The Blue Velvet are the new thing, but it changes so fast that you should just keep what you like and when they become too numerous, just sell them or give them away to help pay for the hobby. If you are looking to make a profit, it will be tough and unpredictable, especially in a small scale.


----------



## GeToChKn (Apr 15, 2011)

EVen the blue velvets are only $5 a piece as opposed to $3 for PFR's and in 6 months when they are more blues, they'll be even cheapers. New neo's come out at a high price and drop quickly. The only ones that seems still a bit expensive are black neo's or the chocolates still get a bit more money.


----------



## AW0L (Jan 15, 2004)

Around my area clubs usually sell the cheapest about 1-2 cheaper. But shops sell around 3-4 bucks for choco, rilis, blue velvets and lighting yellows. And every thing else is usually cheaper.


----------



## Geniusdudekiran (Dec 6, 2010)

Maybe some of the orange Rilis that haven't made their way stateside yet?


----------



## jimko (Aug 17, 2007)

In general shrimps just go down in price as they become more common. Neos are easier to breed so they tend not to hold value too well. 

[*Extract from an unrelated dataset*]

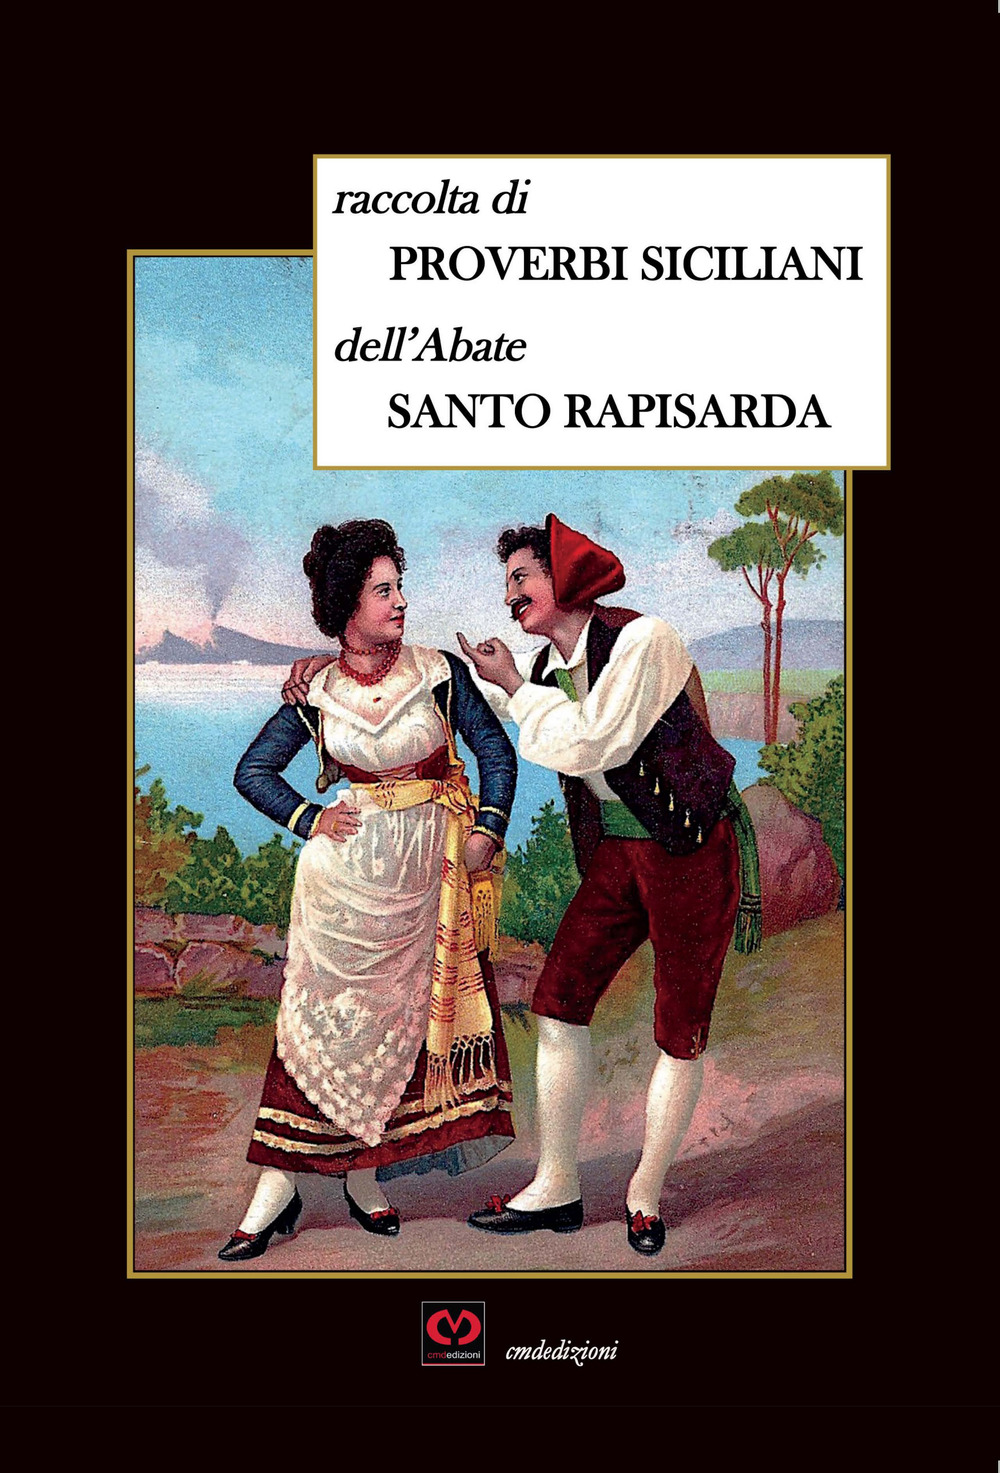 Raccolta di proverbi siciliani ridotti in canzoni dall'abate Santo Rapisarda

General rule is stay away from what "umphmm" has. He's a killer of neo shrimp prices.

Also, seems like the dark blue ones will gain popularity soon. If the cull ratio is high it might hold value longer. I've seen some Taiwan oranges and yellows that are far more advance than what we have. Kind of like PFR, but in orange and yellow. I would like to get my hands on some of those. 

Seems like the possibility in colors for Neos are endless so what's exciting today will lose it's shine and luster tomorrow.


----------



## acitydweller (Dec 28, 2011)

There will always be demand for good quality red shrimp. $1-$4 is all reasonable if the quality is up there. But as you pointed out, the reality of keeping most red shrimp comes with the depletion of colors which is true for most, if not all neocaridinas. 

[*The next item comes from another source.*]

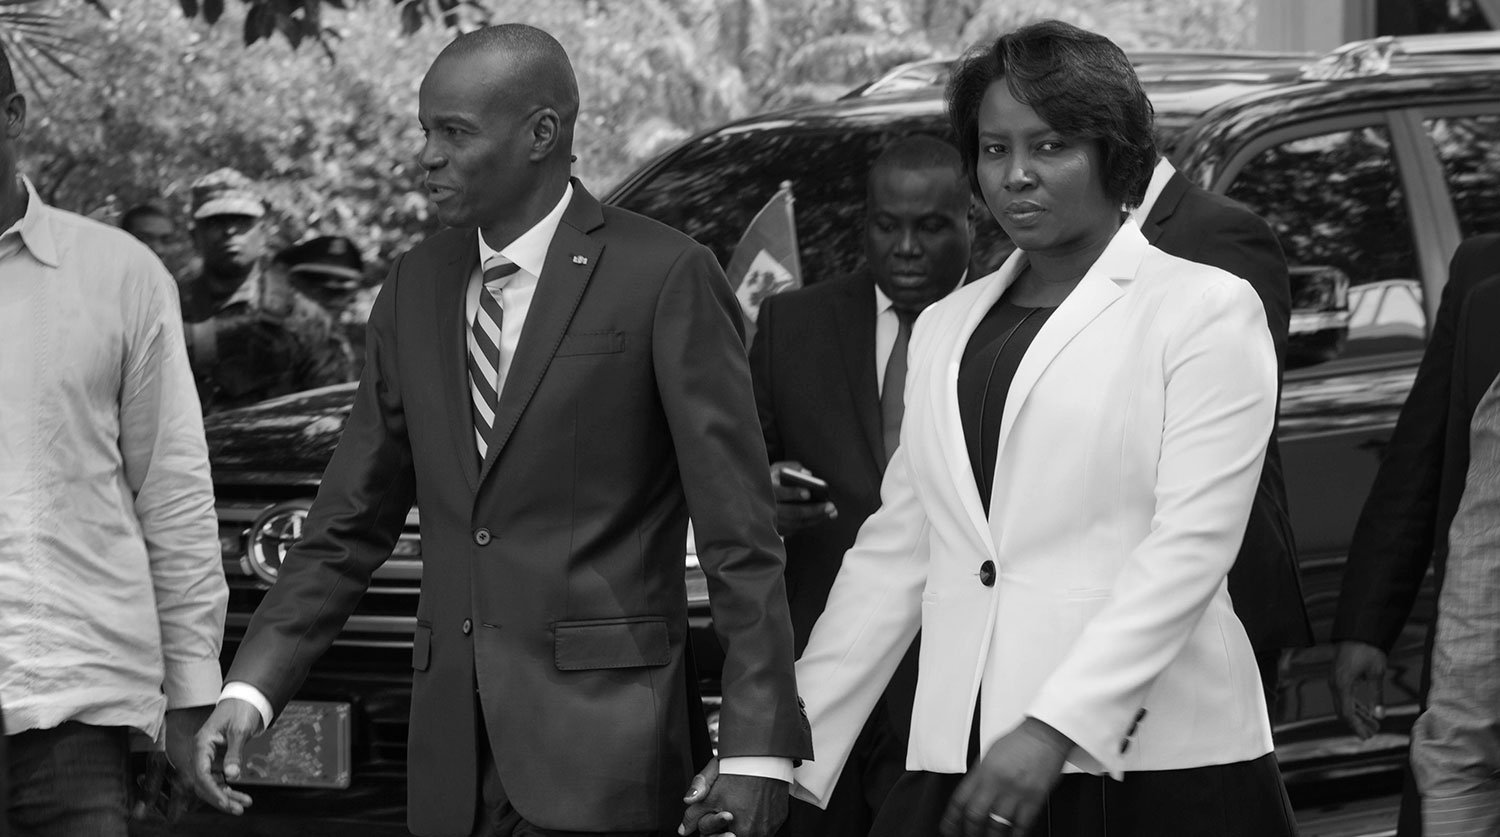 Հայիթիի սպանված նախագահի տիկինը մահացել է ստացած վիրավորումից

Financially, it might be wiser to keep a species that breeds true and requires less culling unless you don't mind the over head of multiple tanks and mouths to feed. Tangerine tigers certainly would fit the bill.


----------



## Nubster (Aug 9, 2011)

If you are keeping them in crs conditions...you may not get any breeding anyways. I had my PFR's in those conditions and not as much as a saddle or berried shrimp in three months. Move them to neo appropriate conditions and within a week had some saddle up and now seeing some berried moms.


----------



## diwu13 (Sep 20, 2011)

High grade chocolate neos are like $10 each aren't they? Very hard to get them to that high grade though...


----------



## PC1 (May 21, 2010)

Geniusdudekiran said:


> Maybe some of the orange Rilis that haven't made their way stateside yet?


Orange rilis are cool looking. I have one male that is all grown up now and will be getting a handfull of ready and hopefully willing ladies to play with next week


----------



## CookieM (Feb 7, 2012)

Try purple zebra neo


----------



## pejerrey (Dec 5, 2011)

Try glow in the dark neos.


----------



## Nubster (Aug 9, 2011)

Get some invisible neos...those are the rarest of them all.


----------



## moosenart (Feb 18, 2012)

My neo shrimp are still in the matrix.


----------



## tobystanton (Jun 27, 2012)

I find that orange neo's sell out very quickly. I have put them up for sale 3 times and on each instance I was sold out within the week.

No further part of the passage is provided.